Hi, I've a laptop Asus A3n with an Intel 855GM. The problem of freeze affects me too with the last Linux distributions (Ubuntu 9.10, Fedora RC, OpenSuse RC2). I can enter my user and password, and xorg freeze during the first second of use, only mouse move. Sometimes, it freezes even before the desktop finish to start. If I can help to solve this problem; I can't help to program, but I'm ok to make test, send log files, etc.. Best regards, Stéphane
http://bugs.archlinux.org/task/14594?project=1&opened=3107 Hello, this thread contains details about a similar (or identical) problem. The problem persists up to now. Versions and other links are also mentioned there.
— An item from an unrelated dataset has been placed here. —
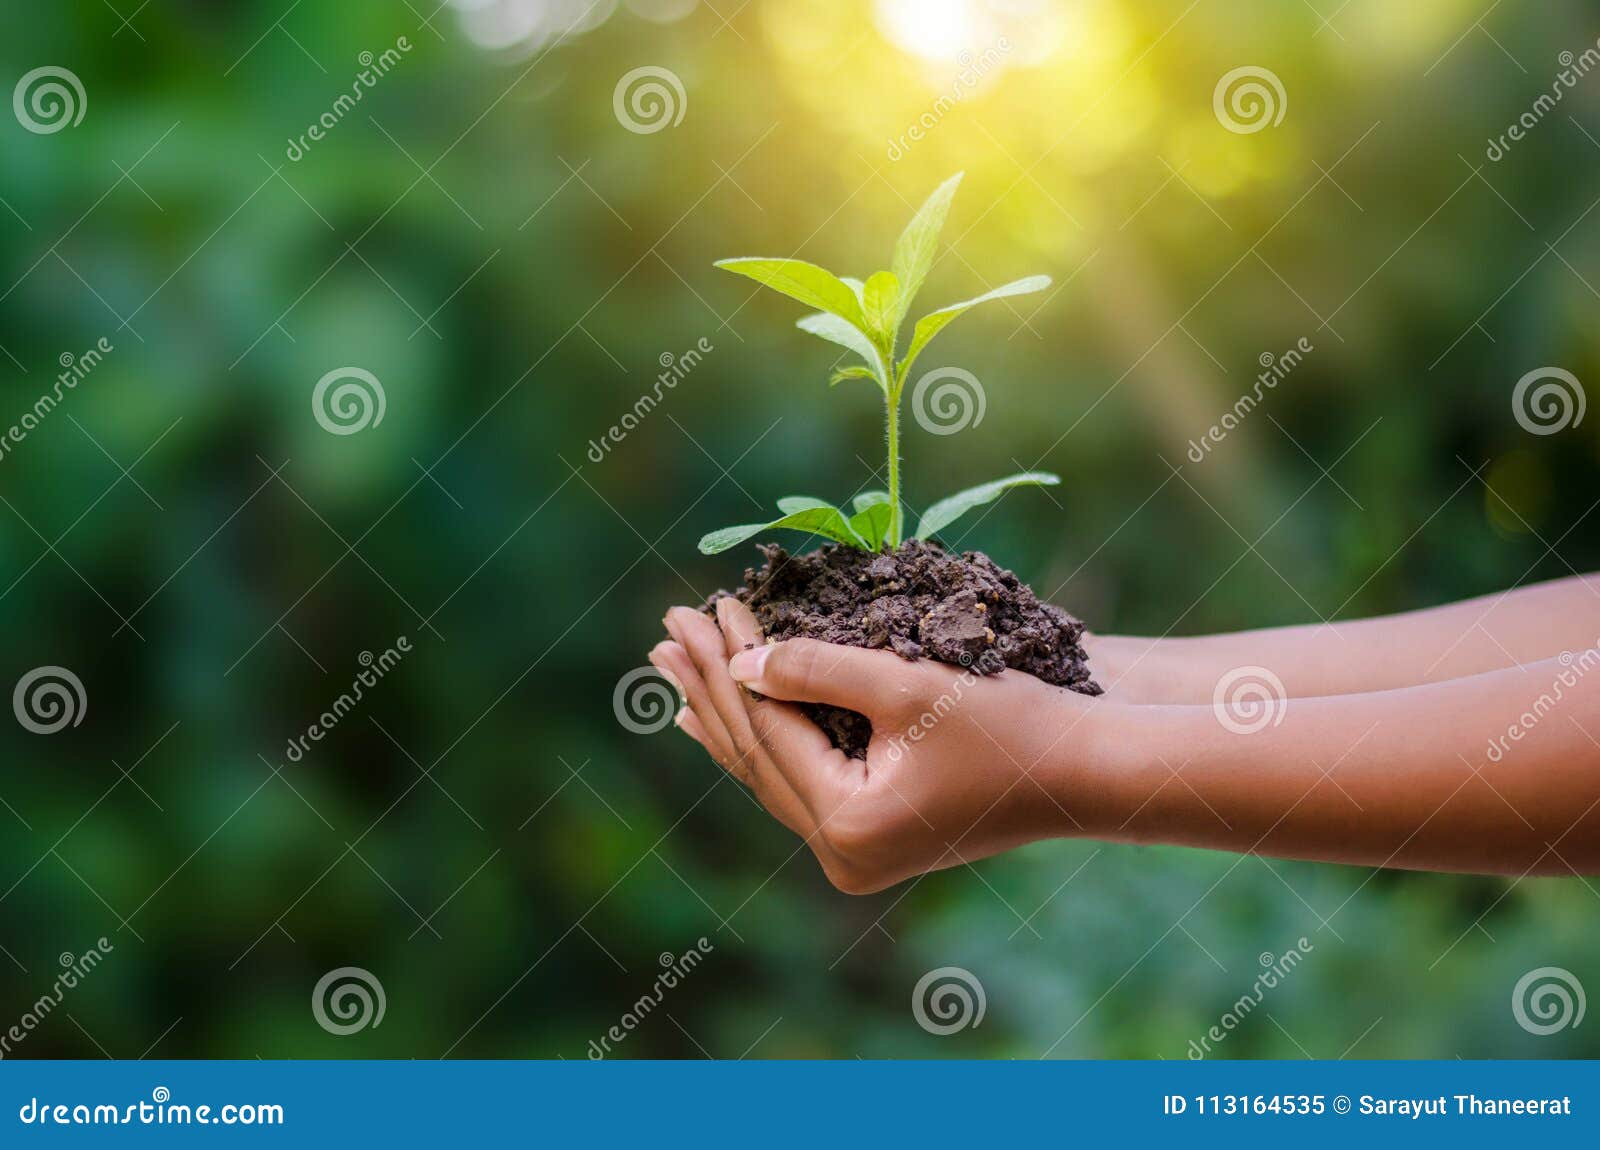 in the hands of trees growing seedlings. bokeh green background female hand holding tree on nature field grass forest conservation

Created attachment 31946 [details] tarball from instructions in Comment#0 I have been experiencing the freezes for the last couple of months on the Mandriva 2009.1 (Spring) backport described in the downstream bug https://qa.mandriva.com/show_bug.cgi?id=52601 Colin Guthrie asked me to create a upstream bug, but since I found the exact existing one I won't duplicate. I followed the instructions at the link in Comment #0 while the machine was in the freeze state and am uploading an attachement. The particulars on my Thinkpad G40 are: 00:02.0 VGA compatible controller: Intel Corporation 82852/855GM Integrated Graphics Device (rev 01) kernel-desktop586-2.6.31.6-1mnb-1-1mnb2 (module i915 is loaded) libdrm2-2.4.14-2mdv2010.0 mesa-7.5.2-2mdv2010.0 x11-driver-video-intel-2.9.1-1mdv2010.0 x11-server-xorg-1.6.5-1mdv2010.0 I rarely get the freeze other than when running Google Earth. With GE, I can always get it to freeze quickly by causing a few text dialogs to popup (Panoramio and Wikipedia links).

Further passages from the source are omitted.